Perjuangan untuk pergi

Ini tidak berarti berpisah selama tahun-tahun sekolah itu mudah – memang tidak mudah. Jadwal sekolah, perencanaan keuangan, pengaturan tempat tinggal, dan rasa bersalah orang tua semuanya berperan. Namun para ahli menekankan bahwa transparansi, dukungan konseling, dan rencana pengasuhan bersama yang tenang dapat mengurangi dampak yang jauh lebih besar dibandingkan dengan rumah tangga yang tegang dan sunyi.

Jadi, apa pendekatan sehat di sini?

Pendekatan yang sehat, kata Dr Vasudeva, dimulai dengan kejujuran tentang keadaan sebenarnya.

“Terapi pasangan dapat membantu memutuskan apakah akan membangun kembali hubungan atau berpisah dengan penuh hormat. Jika perpisahan terjadi melalui proses yang penuh dukungan dan bijaksana, pengasuhan bersama menjadi lebih lancar, dan anak terus menerima keamanan emosional dan cinta dari kedua belah pihak.

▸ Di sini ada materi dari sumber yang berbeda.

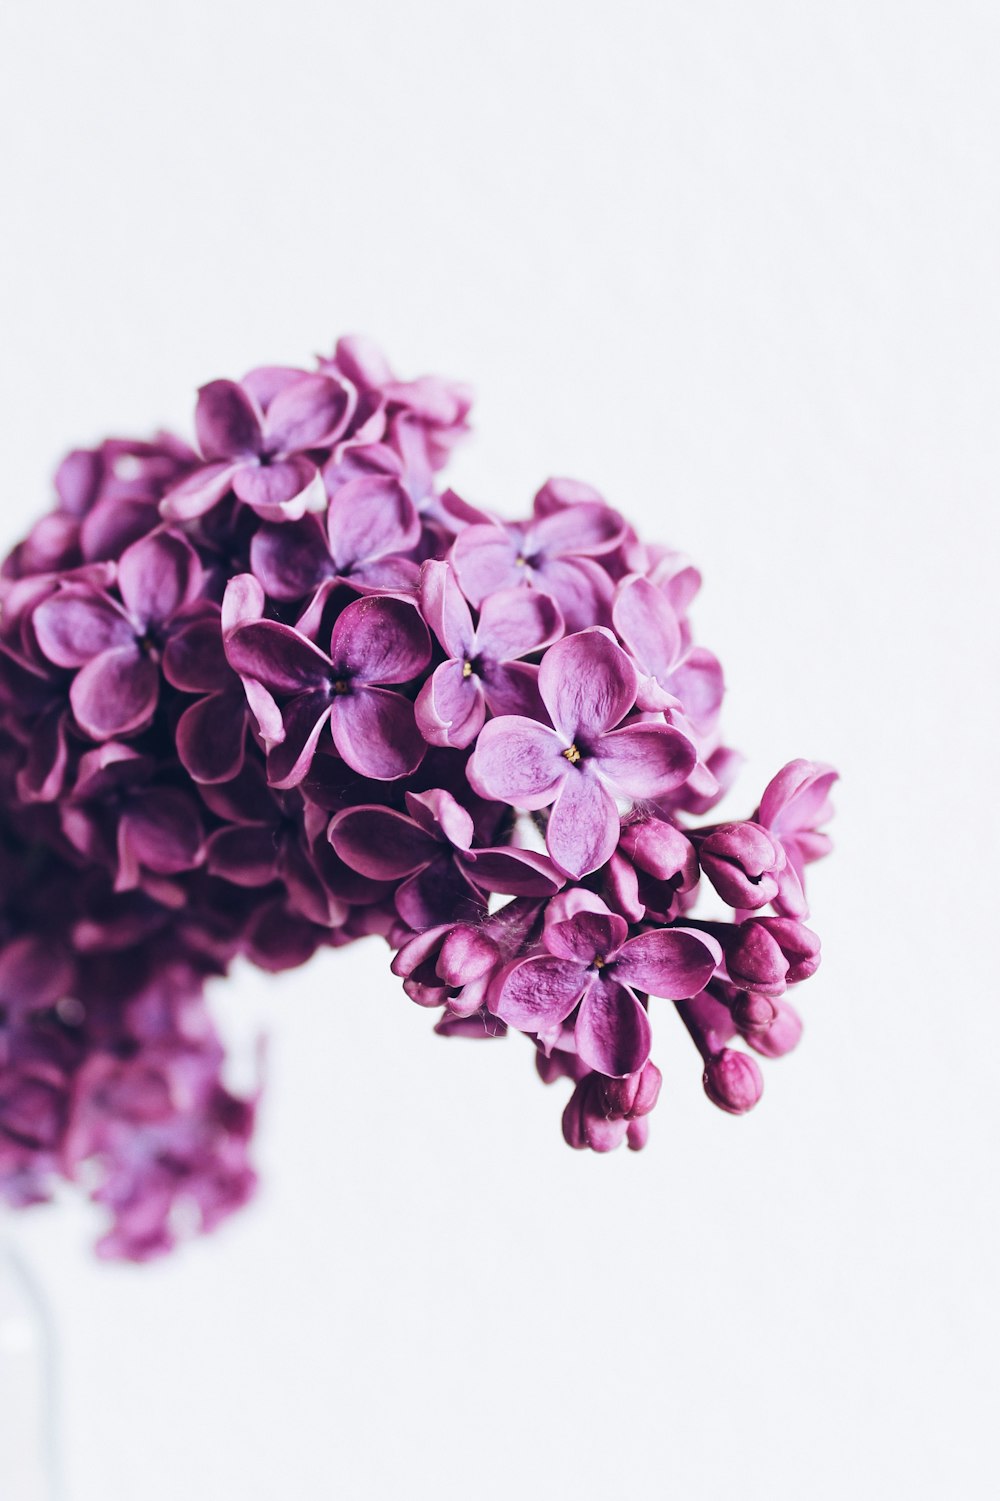 Fotografía de enfoque selectivo de flores púrpuras
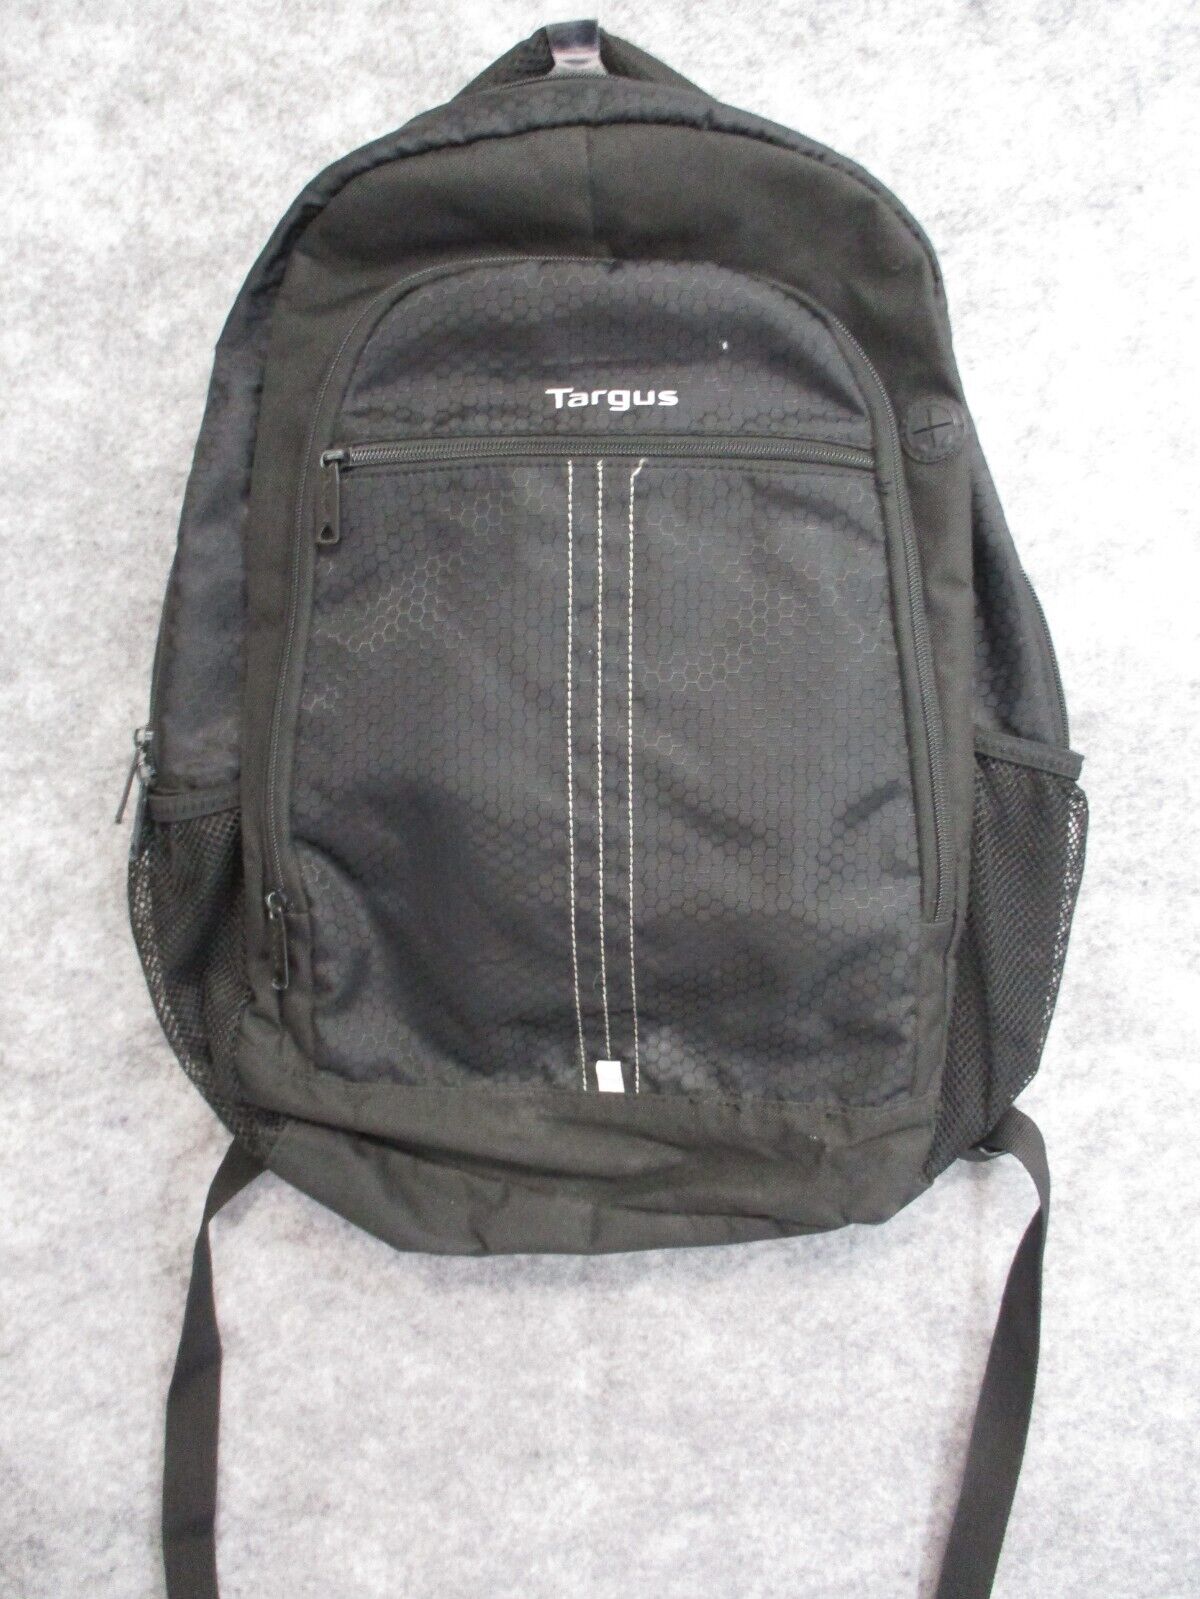 Targus Backpack Padded Laptop Sleeve Mesh Computer 3 Zip Pocket Black Adjustable

Tujuannya harus selalu menjadi lingkungan yang tenang dan stabil.”

Sementara itu, Dr Gade merasa uang juga berperan besar. Ketika salah satu pasangan bergantung pada pasangannya secara finansial, terutama wanita, meninggalkan pernikahan yang tidak bahagia rasanya mustahil. Ketakutan dalam mengatur pengeluaran, membesarkan anak sendirian, dan menghadapi masalah hukum bisa sangat membebani. Inilah sebabnya mengapa sistem dukungan yang kuat seperti pengasuhan anak, bimbingan hukum, dan tempat penampungan yang aman sangatlah penting. Mereka dapat memberikan kepercayaan diri dan keamanan yang dibutuhkan masyarakat untuk membuat keputusan yang tepat bagi diri mereka sendiri dan anak-anak mereka.

Apa yang anak-anak bawa bersama mereka bukanlah apakah orang tua mereka tinggal bersama, tetapi bagaimana cinta yang dirasakan di rumah tempat mereka dibesarkan. Keamanan emosional, kehangatan, dan rasa hormat membentuk seorang anak lebih dari sekadar struktur keluarga yang sempurna.

Para ahli menyarankan bahwa tetap bersama tidak boleh mengorbankan perdamaian atau kesejahteraan mental. Terkadang, pilihan yang paling penuh kasih adalah melepaskan – meskipun niat di baliknya adalah untuk pendidikan atau stabilitas anak Anda.